QA-LIGN: Aligning LLMs through Constitutionally Decomposed QA
This addresses the challenge of making LLM alignment more transparent and effective for AI safety applications, representing a novel method rather than an incremental improvement.
The paper tackles the problem of aligning large language models with principles like helpfulness and safety by introducing QA-LIGN, which decomposes rewards into interpretable evaluations, resulting in up to a 68.7% reduction in attack success rates while maintaining a low false refusal rate of 0.67%.

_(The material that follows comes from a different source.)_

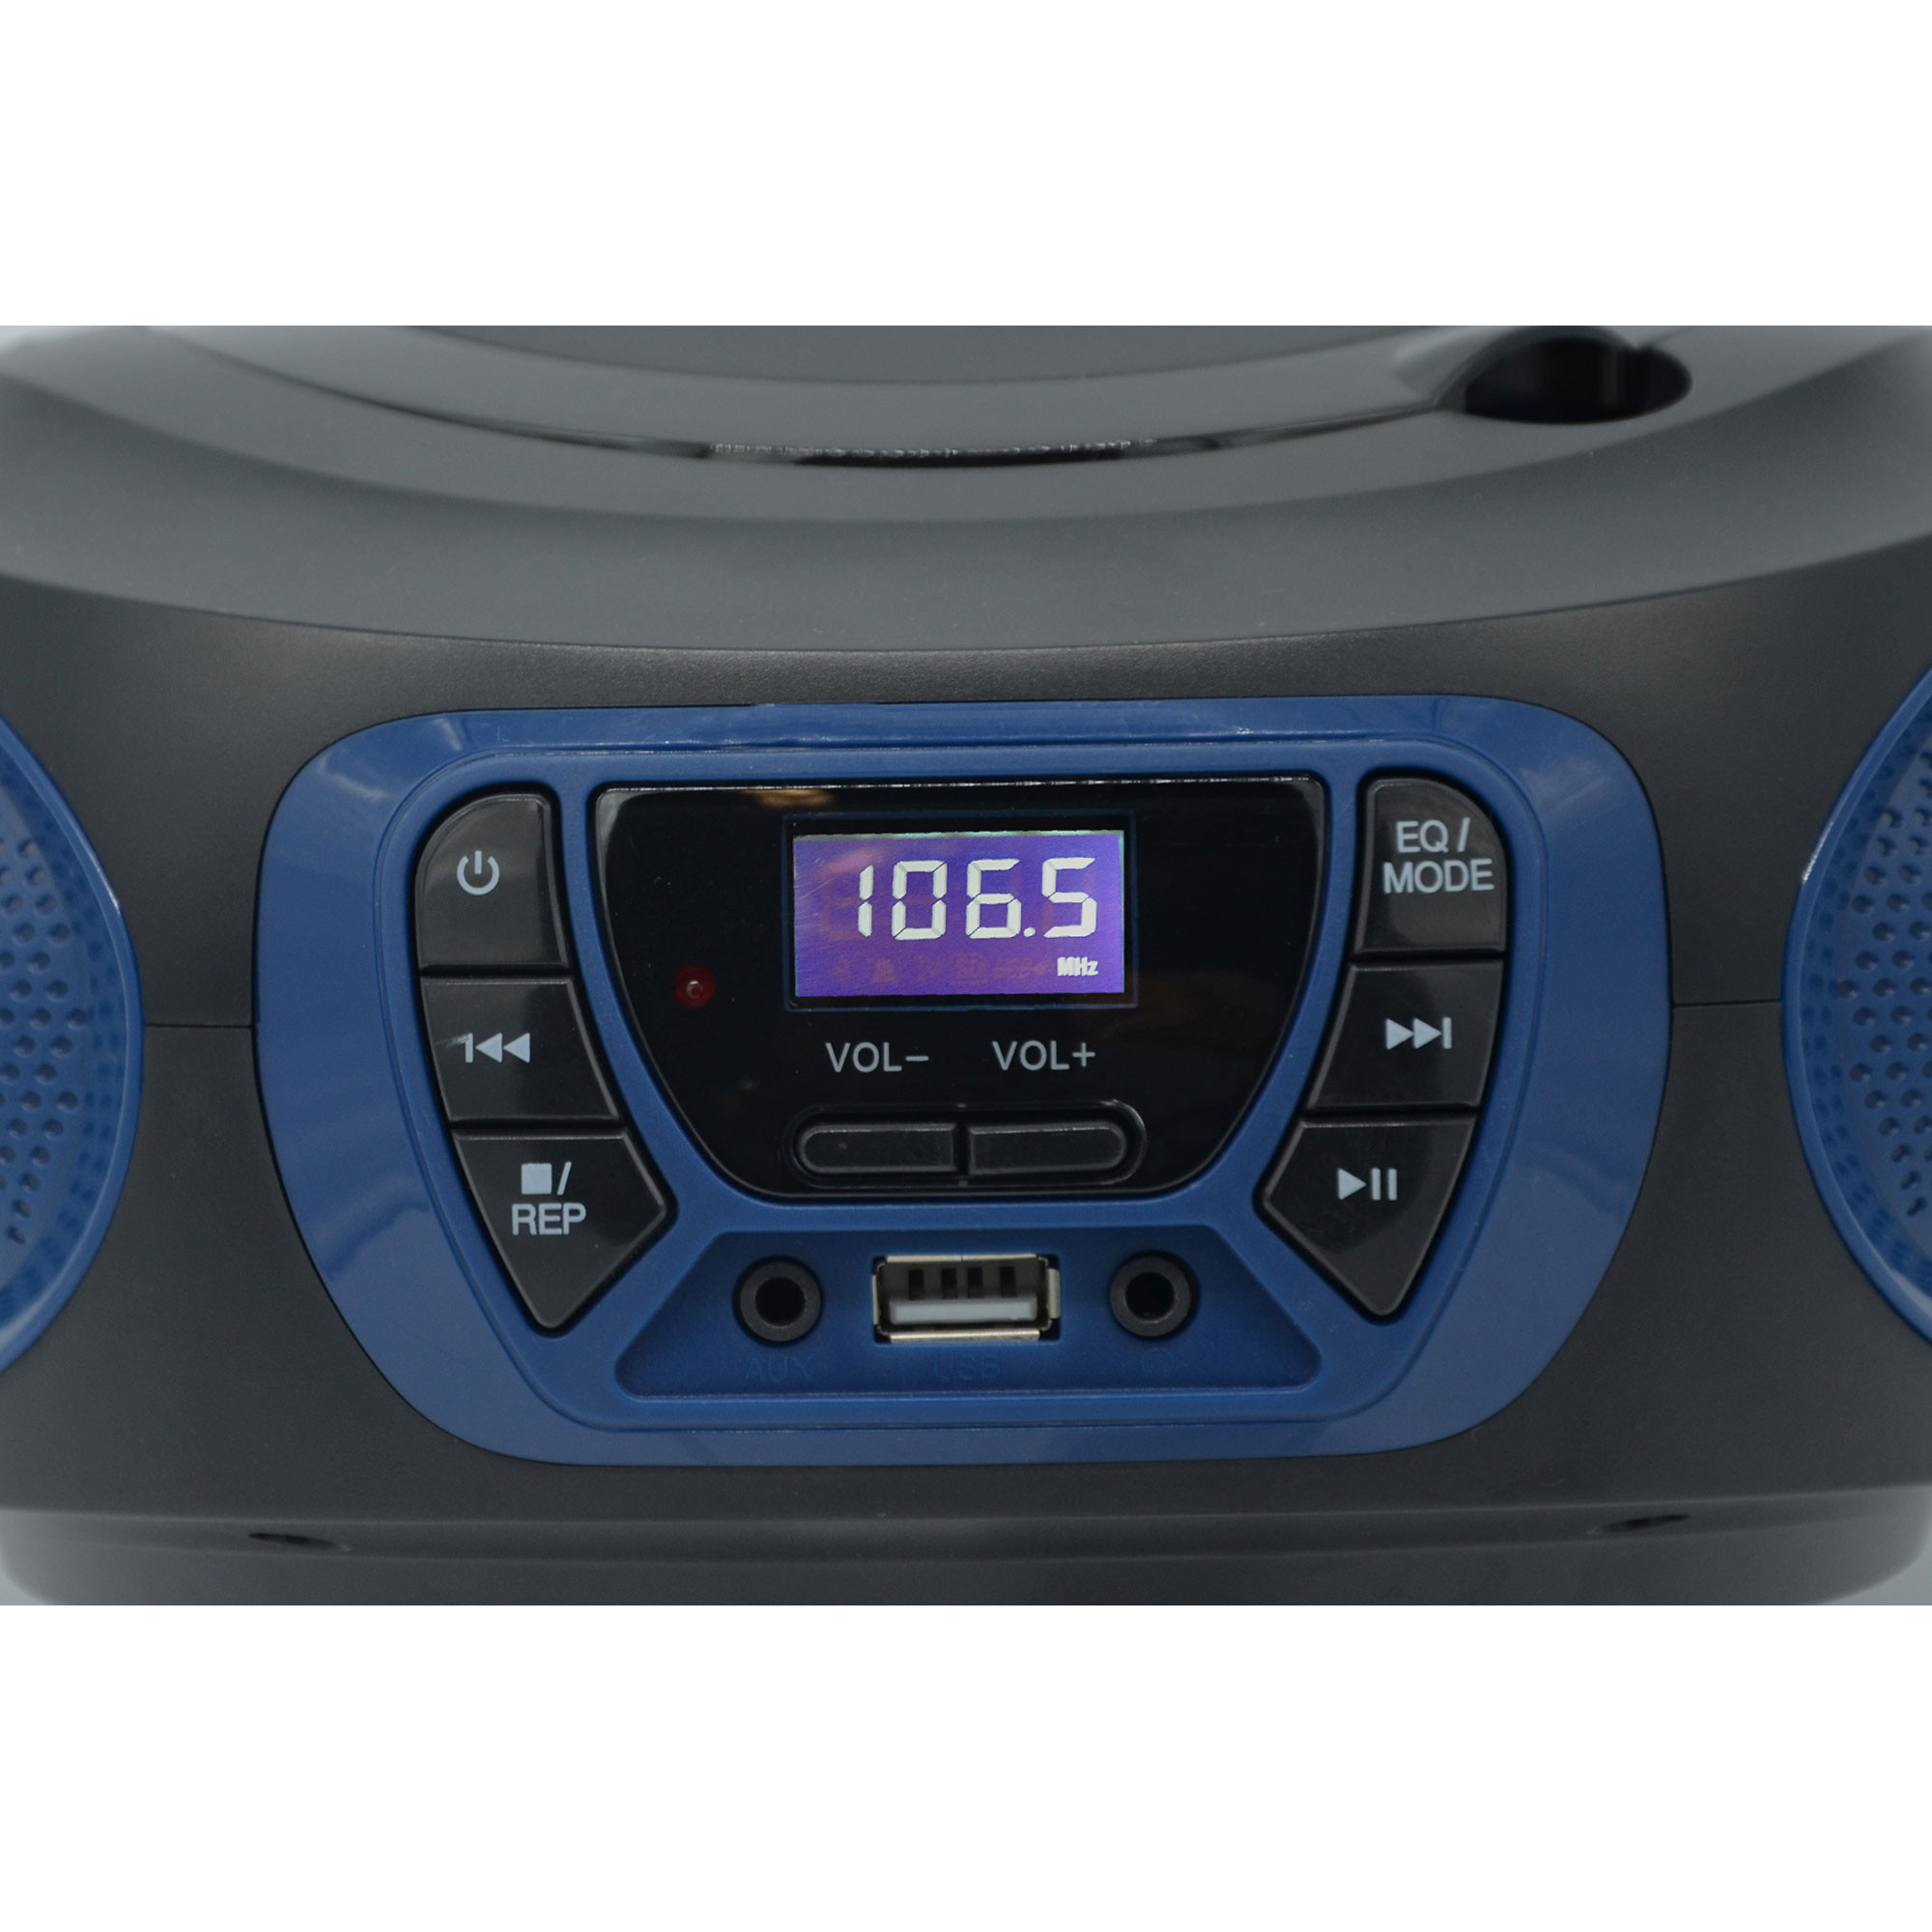 Roadstar CDR-365U/GR Radio CD Player Portátil Digital FM PLL, Boombox  Reproductor CD, CD-R, CD-RW, CD-MP3, Puerto USB, Stereo, AUX-IN, Salida de  Auriculares, Negro / Verde

Alignment of large language models (LLMs) with principles like helpfulness, honesty, and harmlessness typically relies on scalar rewards that obscure which objectives drive the training signal. We introduce QA-LIGN, which decomposes monolithic rewards into interpretable principle-specific evaluations through structured natural language programs. Models learn through a draft, critique, and revise pipeline, where symbolic evaluation against the rubrics provides transparent feedback for both initial and revised responses during GRPO training. Applied to uncensored Llama-3.1-8B-Instruct, QA-LIGN reduces attack success rates by up to 68.7% while maintaining a 0.67% false refusal rate, achieving Pareto optimal safety-helpfulness performance and outperforming both DPO and GRPO with state-of-the-art reward models given equivalent training. These results demonstrate that making reward signals interpretable and modular improves alignment effectiveness, suggesting transparency enhances LLM safety.